Joris Ghekiere (1955-2016) was a Belgian artist whose singular vision and restless experimentation earned him a distinctive place in contemporary art. Born in Kortrijk, Belgium, in 1955, he developed over four decades a body of work that continually questioned the nature of painting, the status of the image, and the very idea of beauty in art.
Ghekiere’s work resists easy categorization. Rather than adhere to one style or methodology, he embraced a wide range of techniques and visual languages that blended figuration and abstraction. Internet imagery, personal photographs, and found sources often served as starting points, but his treatment of these motifs was anything but straightforward. Through unexpected colour combinations, unusual compositional choices, and a willingness to distort and subvert conventional forms of beauty, Ghekiere’s paintings challenge the viewer’s expectations at every turn.
Irony and self-reflection were central to Ghekiere’s artistic philosophy. While he could produce virtuoso painterly surfaces — lush with texture, vivid colour, and complex layering — his images frequently flirt with artificiality and ambiguity. Classical symbols of beauty and motifs such as plants, portraits, folk dancers, or everyday scenes are re-presented in ways that question their authenticity and cultural resonance. In doing so, he played with what he once described with a wry modesty: “It’s just a painting.”
Throughout his career, Ghekiere also maintained a deep interest in works on paper. He amassed an extensive archive of sketches, collages, drawings, watercolours, and other paper-based pieces created both in his studio and during his extensive travels. A pivotal journey through Asia in 1990-1991 — spanning countries like the Philippines, China, Pakistan, India, Japan and Thailand — yielded hundreds of works that not only stand on their own pictorial feet but also seeded visual ideas that would return in his later paintings.
Ghekiere’s work was exhibited widely across Belgium. He participated in important group shows and was featured in solo exhibitions at institutions such as S.M.A.K. (Stedelijk Museum voor Actuele Kunst) in Ghent (BE) and galleries such as Kristof De Clercq gallery (Ghent, BE) and De Garage (Mechelen, BE). His posthumous exhibitions — including retrospectives and presentations of his works on paper — continue to reveal the depth and breadth of his artistic enquiry.
Beyond his studio practice, Ghekiere contributed to the artistic community as a teacher, notably at the Karel de Grote Hogeschool in Antwerp (BE). He lived and worked in a converted barge school in Klein Willebroek, where he cultivated a rich creative life.

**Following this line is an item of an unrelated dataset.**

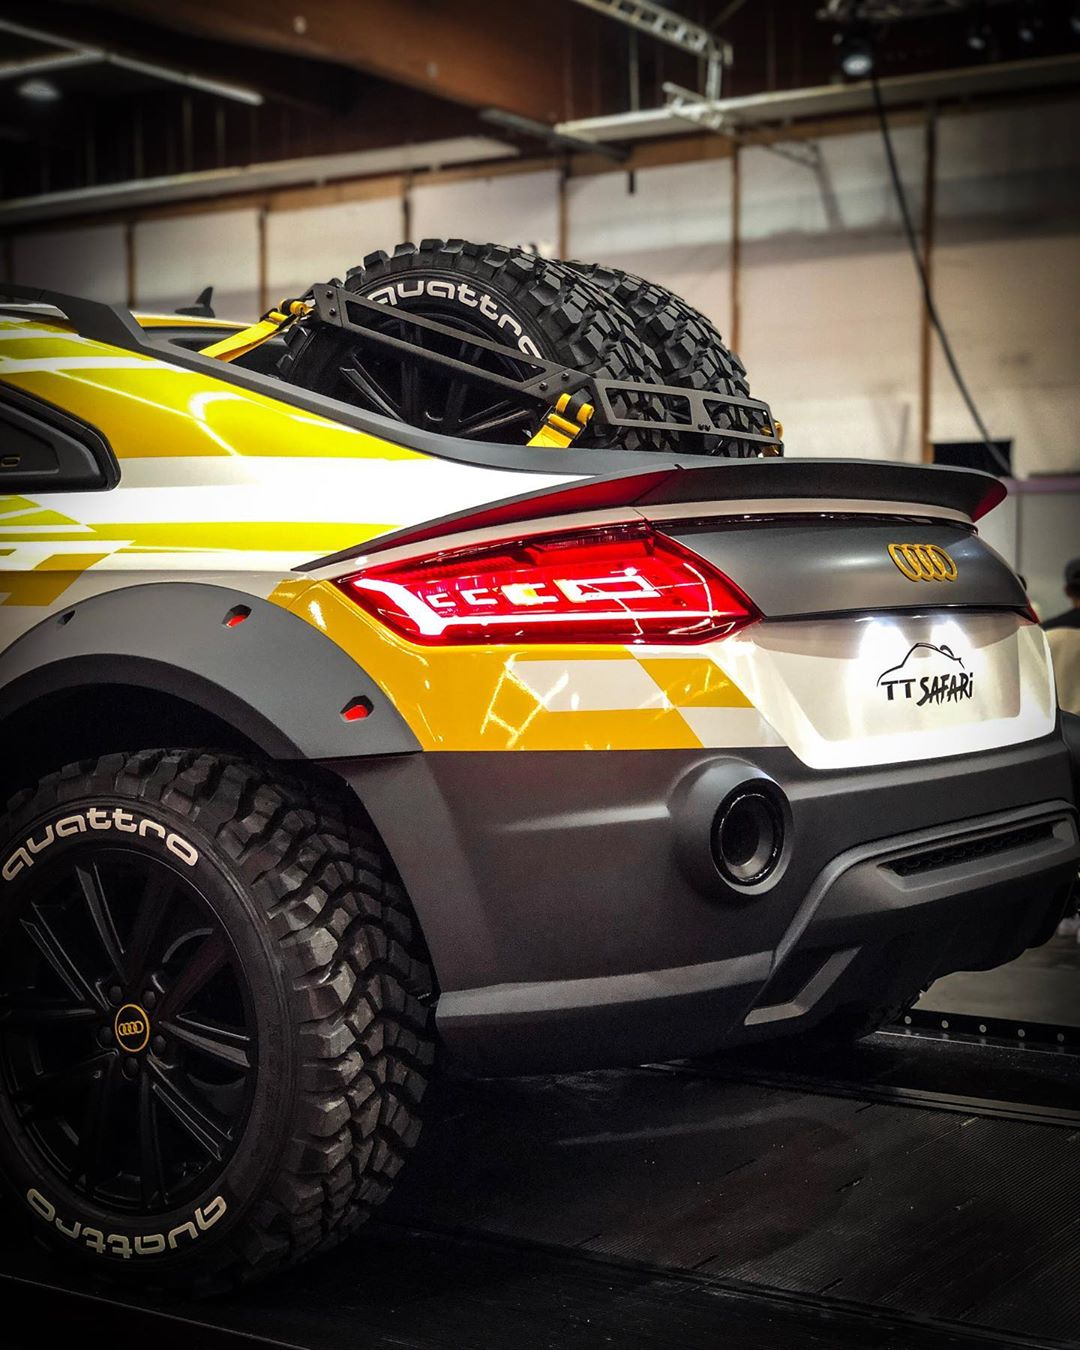 Audi Tt Safari Revealed Looks Like Full Size Hot Wheels Autoevolution

Today, Joris Ghekiere’s legacy lives on through the continued exhibition and study of his work, which remains compelling for its expressive range, technical finesse, and capacity to reveal the unexpected in the everyday image. His artistic estate is managed by the Joris Ghekiere Foundation, which is dedicated to preserving, researching, and promoting his oeuvre for future generations.